Saturday, January 28, 2012

C of E bishops attacked for blocking benefits reform

UK Work and Pensions Secretary Iain Duncan Smith has hit out at bishops trying to block his welfare reforms, accusing them of ignoring the concerns of ordinary people.

Mr Duncan Smith said the Church of England bishops, who are threatening to derail his planned £26,000 benefit cap, should think more of low-income families who try to do ‘the right thing’.

The Church of England said it had a ‘moral obligation to speak up for those who have no voice’ and said government needed to reassess the new Welfare Reform Bill.

But Mr Duncan Smith urged the bishops, who are leading the opposition in the upper chamber, to rethink their objections, insisting they were not doing the poor any favours.

‘The question I’d ask these bishops is, over all these years, why have they sat back and watched people being placed in houses they cannot afford?
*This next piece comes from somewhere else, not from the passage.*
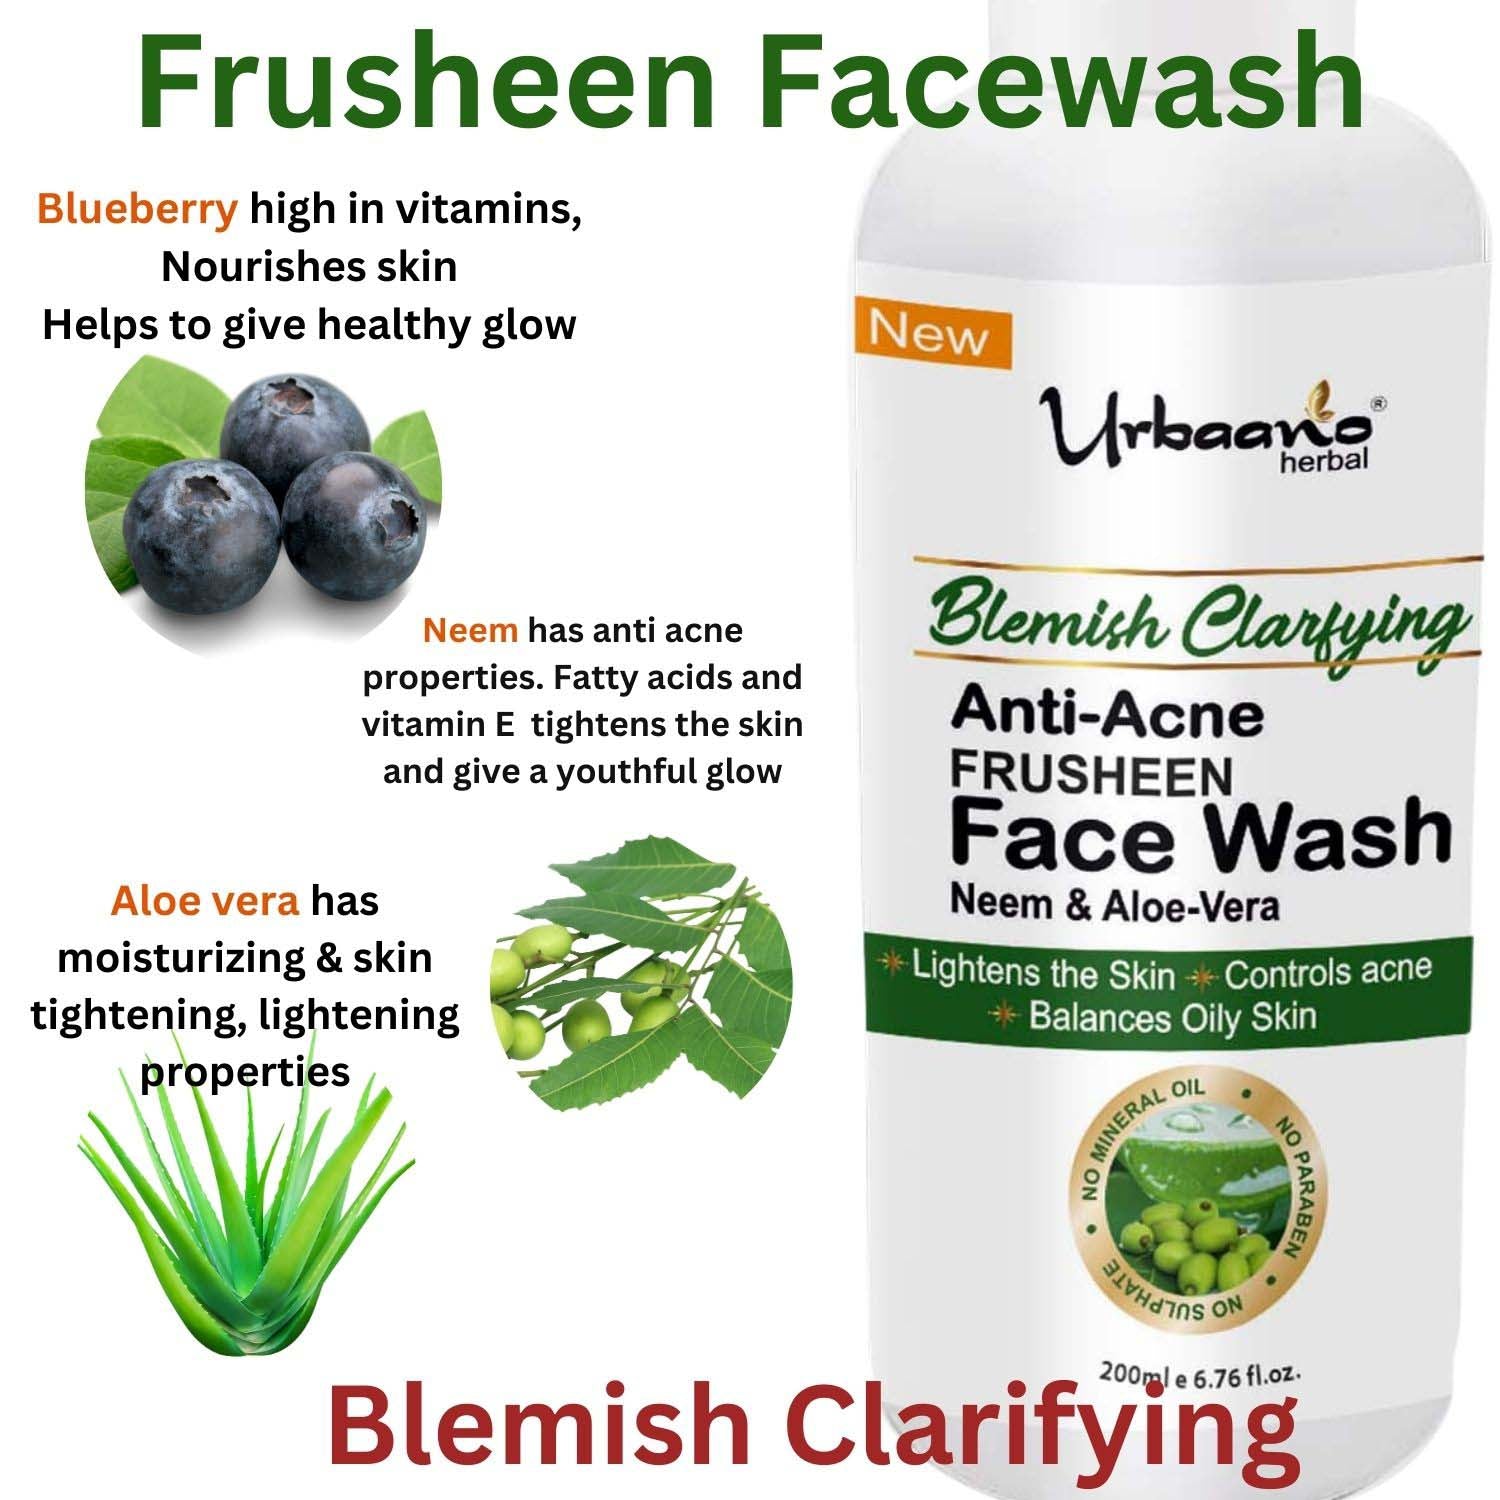 urbaano herbal frusheen sulphate free face wash anti acne infused with blueberry,aloe vera, neem for nourishing, firming, reduce dark , acne spot, tan, blemishes

It’s not a kindness,’ he said to the Sunday Times in an interview.

The Rt Rev John Packer, Bishop of Ripon and Leeds, said he was not opposed to all aspects of the bill but believed child benefit should be exempted from the cap.

“What we’re talking about tomorrow is children in families where the welfare benefits have been cut to a point where they are less than Parliament actually has said they should be, because that’s what a cap does,” he told the BBC’s Sunday Morning programme.